INSTRUCTIONS FOR THE TASK: Your job with the data below is to output exactly the lines from the one holding "A modern Chevron" down to the one holding "Dimensions: 40", both included, and no others.

DATA TO EXAMINE:
☆ ☆ ☆ ☆ ☆ ☆ ☆

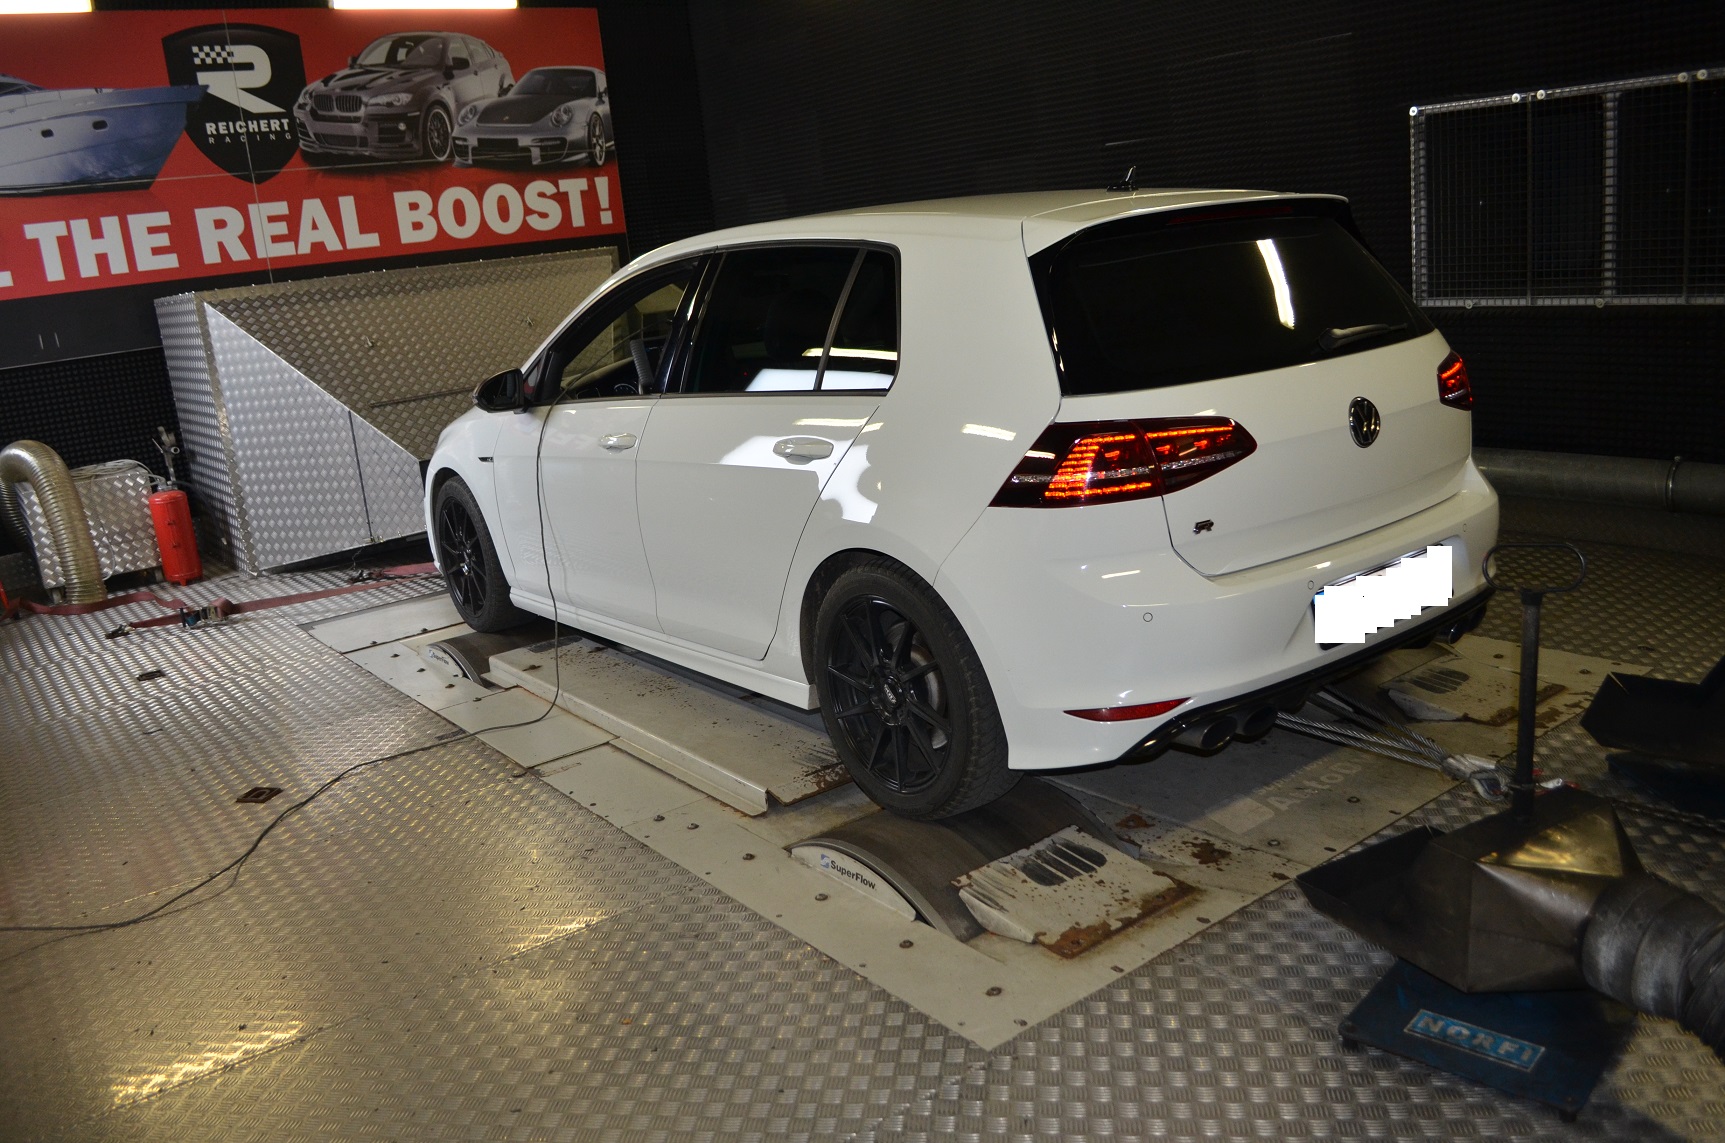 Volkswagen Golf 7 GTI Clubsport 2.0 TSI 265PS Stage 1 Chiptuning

☆ ☆ ☆ ☆ ☆ ☆ ☆

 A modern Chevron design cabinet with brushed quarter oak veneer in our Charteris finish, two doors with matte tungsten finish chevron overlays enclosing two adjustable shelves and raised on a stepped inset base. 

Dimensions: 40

☆ ☆ ☆ ☆ ☆ ☆ ☆

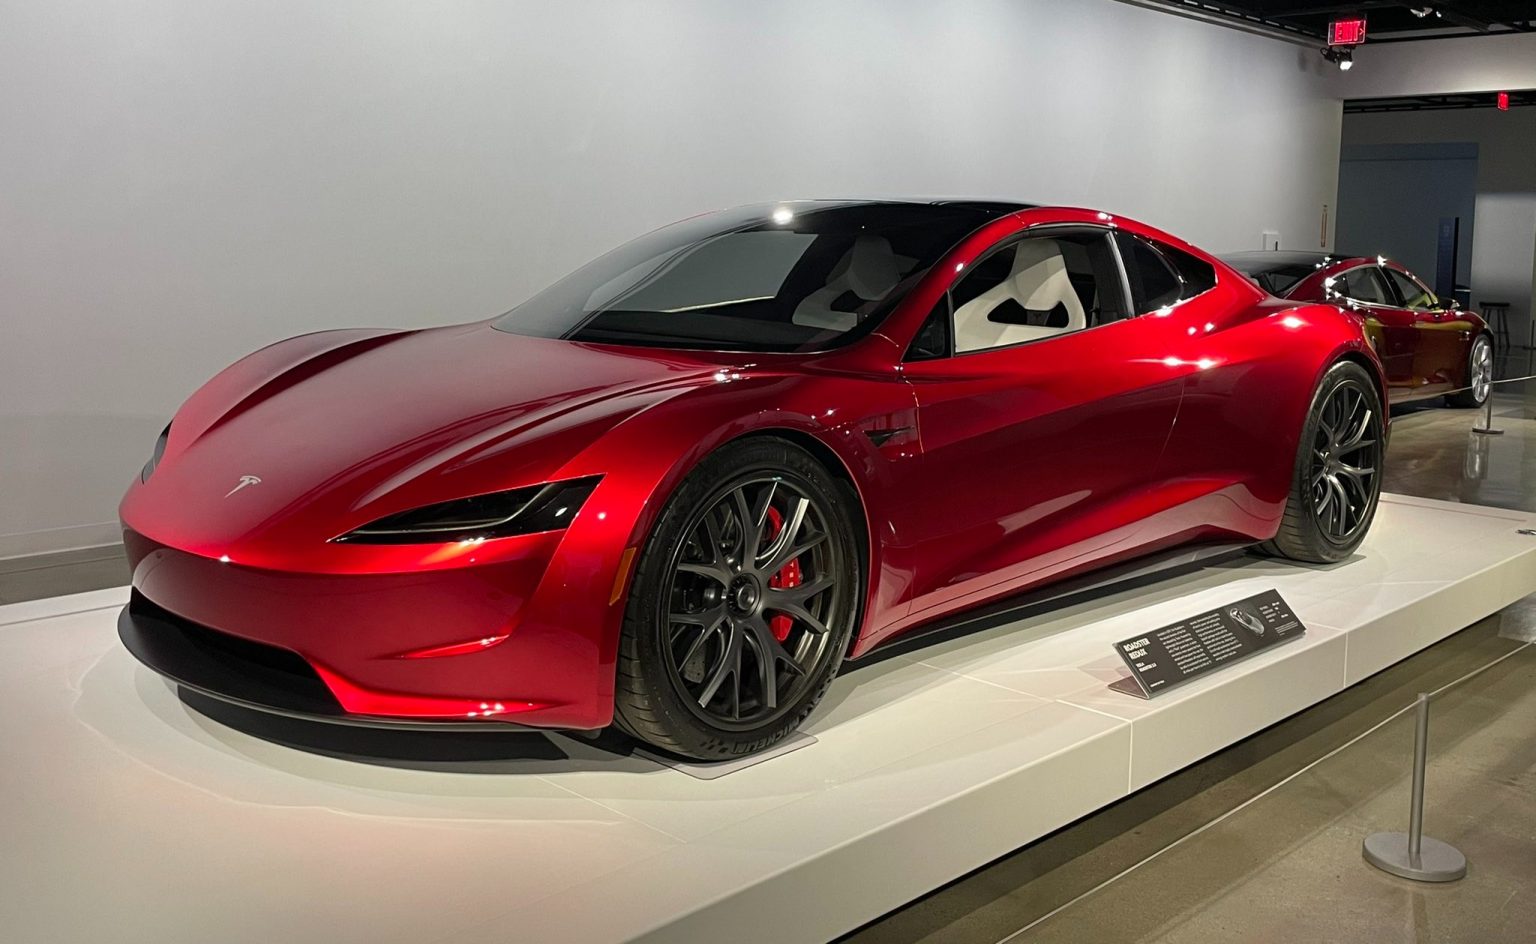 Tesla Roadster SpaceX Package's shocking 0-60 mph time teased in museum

☆ ☆ ☆ ☆ ☆ ☆ ☆

SOLUTION FOR THIS EXERCISE:
 A modern Chevron design cabinet with brushed quarter oak veneer in our Charteris finish, two doors with matte tungsten finish chevron overlays enclosing two adjustable shelves and raised on a stepped inset base. 

Dimensions: 40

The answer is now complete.